|
DNA is the basis of heredity. It is a polymer made up of small molecules called nucleotides, which can be distinguished by the four bases: Adenine (A), Cytosine (C), Guanine (G), and Thymine (T). A DNA sequence is therefore specified completely by a sequence consisting of the four alphabets A, C, G, and T. DNA usually occurs in double strands, and the bases in the two strands are complementary to each other, i.e., a pairing with T and G pairing with C with hydrogen bonds.
The DNA of an organism is determined by a process called sequencing. DNA sequencing involves the process of determining the exact order of the four nucleotides A, C, G, and T that make up the DNA sequence. A standard method for sequencing is based on separating DNA fragments by gel electrophoresis. However, the method is extremely labor-intensive and expensive, which prevents its use in large scale sequencing applications. Capillary electrophoresis is the latest method of choice in large sequencing centers. The sequencing process generates a set of four traces of signal intensities corresponding to each of the four nucleotide bases. The actual sequence of nucleotides is then determined from the traces by a process known as basecalling.
The next step after obtaining a new DNA sequence is to study the functional and structural information encoded in the sequence. One way to do is by comparing the new sequence with sequences which are already being studied and annotated. Sequences that are similar would probably have the same function, be it a functional role, regulatory role, or structural properties in the case of proteins. Additionally, if two sequences from different organisms are similar, there are may be a common ancestor sequence, and the sequence are then said to be homologous. Relationship between homologous sequences has important implications in speciation study and phylogenetic analysis.

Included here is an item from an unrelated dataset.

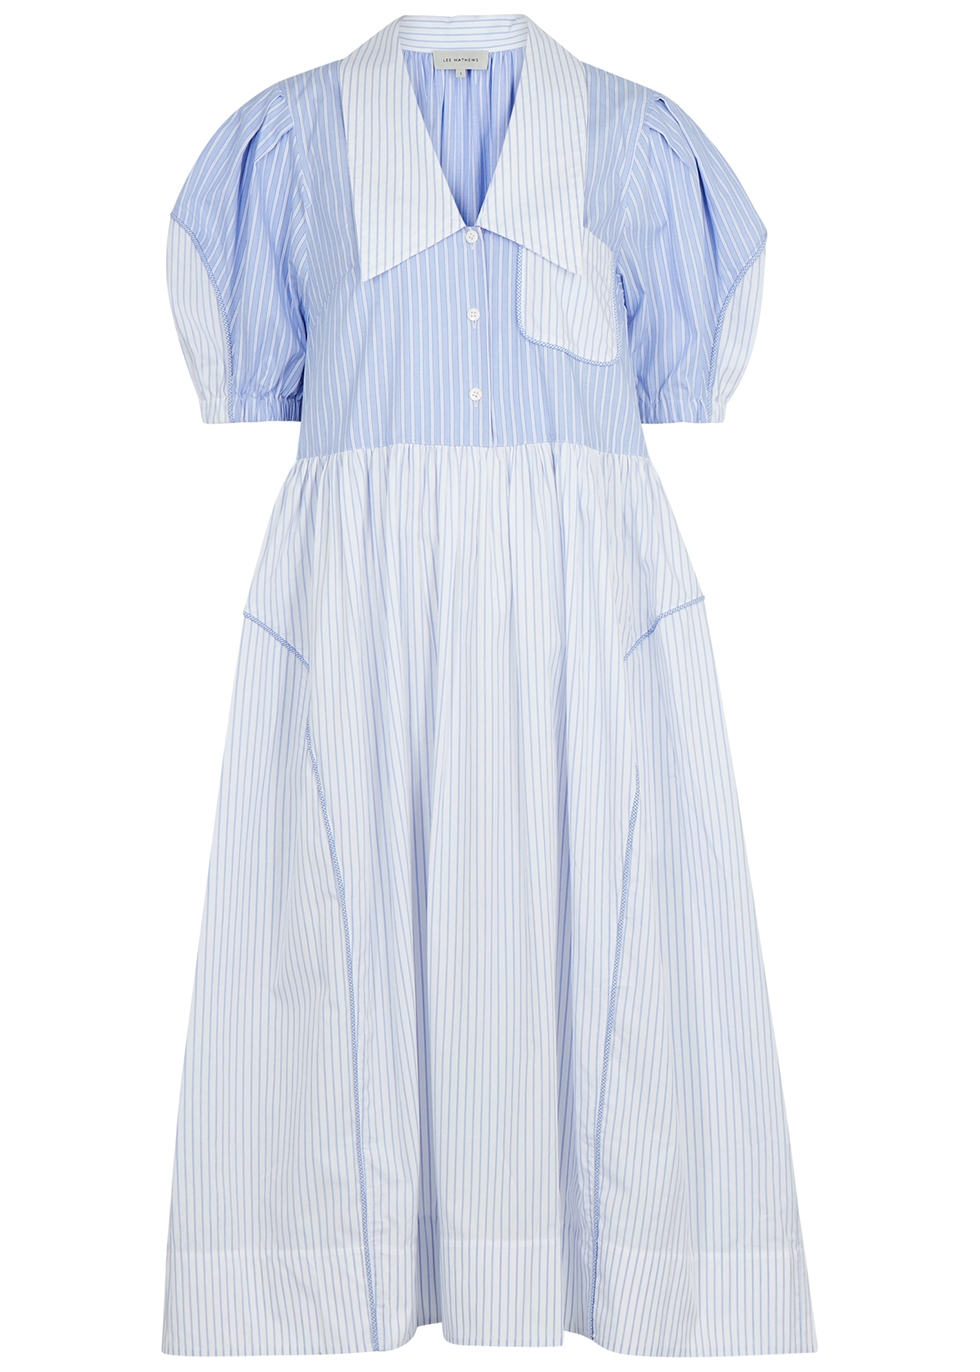 Lee Mathews Diana striped cotton shirt dress - Harvey Nichols

One method for sequence comparison is sequence alignment. Sequence alignment is the procedure of comparing two or more sequences by searching for a series of individual characters or character patterns that are in the same order in the sequences. For base-by-base comparison of two sequences, a rigorous alignment of the two sequences using string matching techniques is needed.
The standard pairwise alignment method is based on dynamic programming. The method compares every pairs of characters in the two sequences and generates an alignment and a score, which is dependent on the scoring scheme used (i.e., a scoring matrix for the different base-pair combinations, match and mismatch scores, and a scheme for insertion/deletion, gap, penalties). This alignment will include matched and mismatched characters and gaps in the two sequences that are positioned, so that the number of matches between identical characters is the maximum possible. Sequence alignment can be either global or local. Global alignment tries to align the entire sequence in such a way as to maximize the degree of similarity between the two sequences. However, for most DNA sequences comparisons, one is usually more interested in finding conserved patterns or segments in two sequences by local alignment. In local alignment, the alignment stops at the ends of regions of strong similarity, and a much higher priority is given to finding these local regions than to extending the alignment to include more neighboring pairs. The Smith-Waterman algorithm finds a pair of segments, one from each of two long sequences, such that there is no other pair of segments with greater similarity.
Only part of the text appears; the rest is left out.